Sentendomi un “innamorato respinto” e
abbagliato dal contrasto con il primitivo (del
1985) apertissimo e genuino atteggiamento nei
miei confronti, ho malauguratamente e disastrosamente travisato la sua
successiva politica del silenzio e la sua perdurante “sfingità”.
Ho capito, in sostanza, che De Mauro non è né il capro espiatorio né la predetta “antropomorfizzazione”
dell’indifferenza generale verso le mie cose (Bitnick, scoperte di Lucidi e Buccola, telelinguistica,
storia della psicologia, telegrafia, ecc.), ma, al contrario, è la personificazione
dell’iposema.
Quando egli, dinanzi ai miei scritti, “non
dice niente”, non lo fa per disdegno o per disprezzo, ma li
“iposemizza”,
cioè li prende per quello che essi oggettivamente sono: pura e semplice “scrittura”, cioè – come anche da lui
stesso teorizzato nella celeberrima conferenza Tra Thamus e Theuth
– una cosa morta e inerte. Questa “iposemizzazione” tecnicamente consiste
nell’eliminare il “valore” delle
parole, vale a dire nel desemantizzarle, nel
non entrare nel loro “merito”. Alla
luce di queste considerazioni il sottotitolo L’inerzia di De Mauro, per esasperazione, provocazione o forse
prevaricazione, da me apposto al mio ultimo Atomo
sull’iposema di Lucidi (AG 16),
si attaglia
al tema ben di più che nelle intenzioni lì dichiarate: la persona del De Mauro e il suo silenzio – non
sdegnoso, ripeto, ma tecnico, linguistico – si rivelano esemplarmente funzionali a far comprendere l’essenza e
il carattere smorto o vegetativo dell’iposema.
Approfondire ulteriormente i rapporti tra iposema e sema, significante e significato, effetto Lucidi (permutabilità
di questi due stati della lingua), ecc.
esulerebbe alquanto dallo scopo di questa News, che, come già anticipato, è quello
di ringraziare il De Mauro del mio tardivo, epperò
convintissimo, “ravvedimento” e della
tacita lezione non solo di linguistica, ma anche, e forse soprattutto, di vita,
di comportamento di cui gli sono debitore. Mi limiterò quindi solo ad accennare
che l’iposema, di per sé inerte, ha però la mirabolante facoltà di far nascere,
o rinascere, il sema nella testa del lettore.

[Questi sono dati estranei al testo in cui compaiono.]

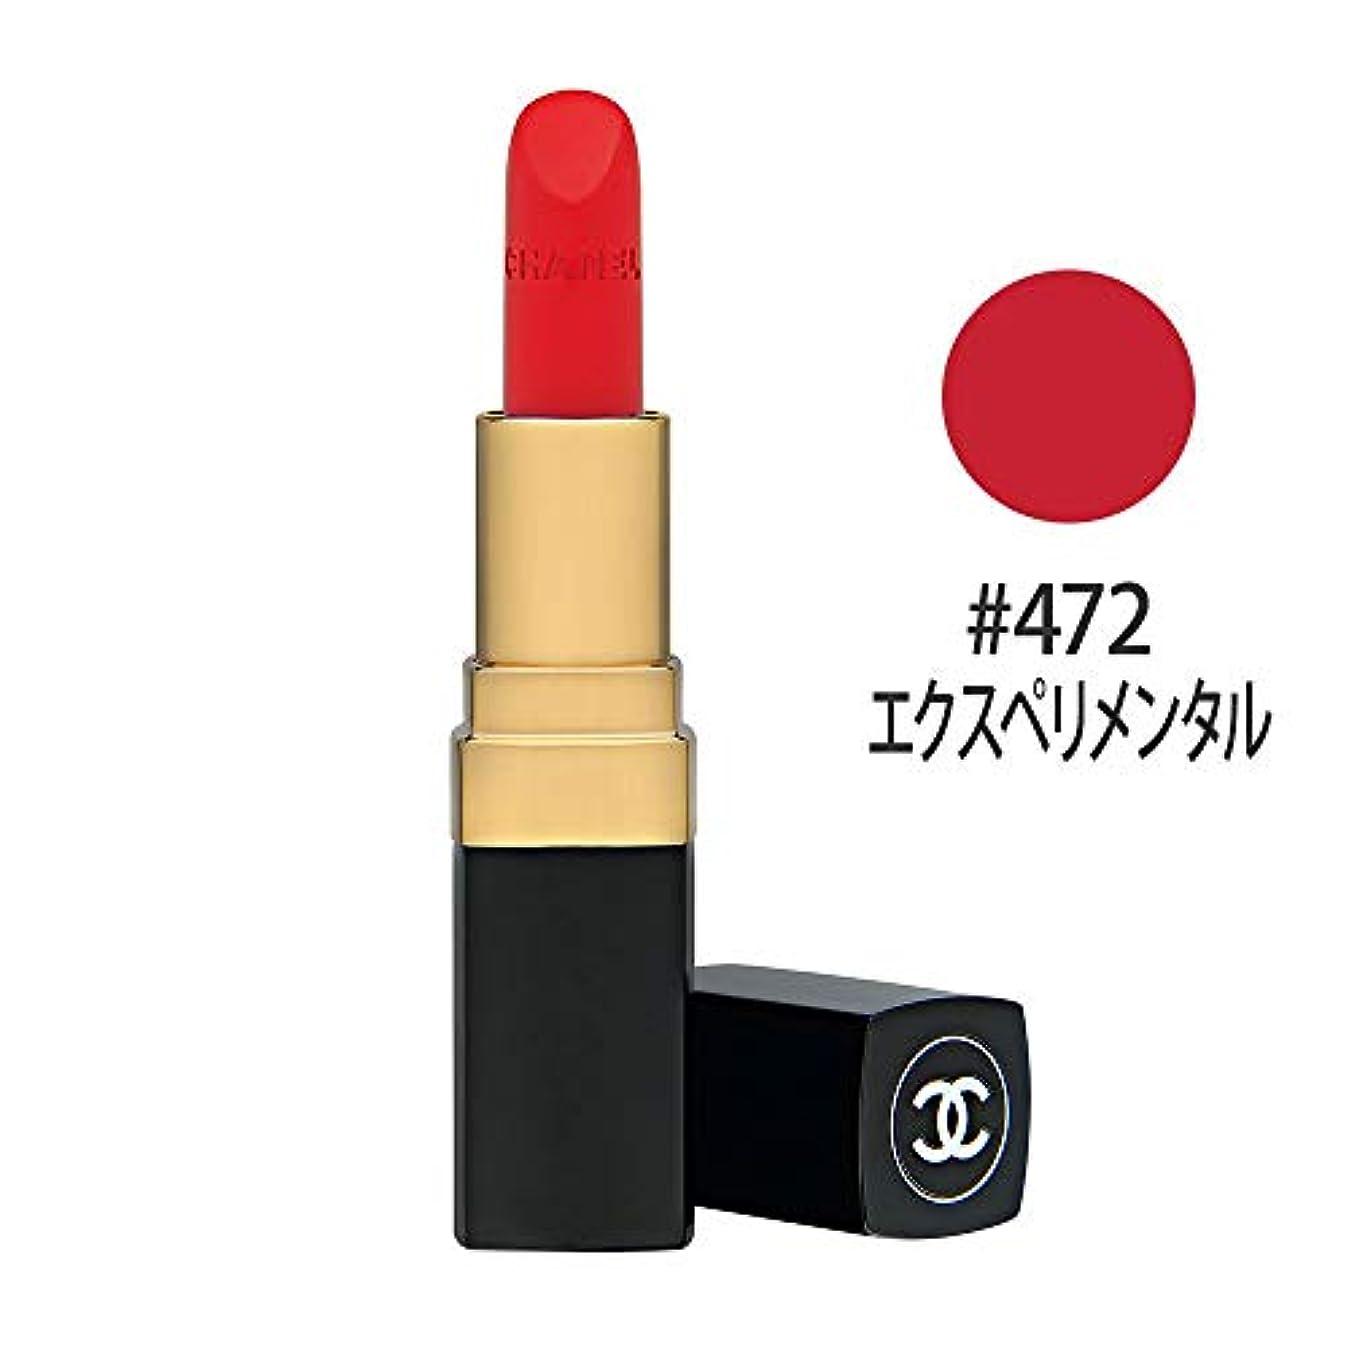 セクションアルプス療法【シャネル】ルージュ ココ #472 エクスペリメンタル 3.5g [並行輸入品]

Mi pare di ricordare di aver visto,
tantissimi anni fa, in tempi non sospetti, pubblicata in un quotidiano
una caricatura del De Mauro
raffigurato come una sfinge. Se così fosse, e se
qualcuno me la favorisse, sarebbe alquanto simpatico, presumo anche per
l’interessato, sostituirla alla foto di questa News.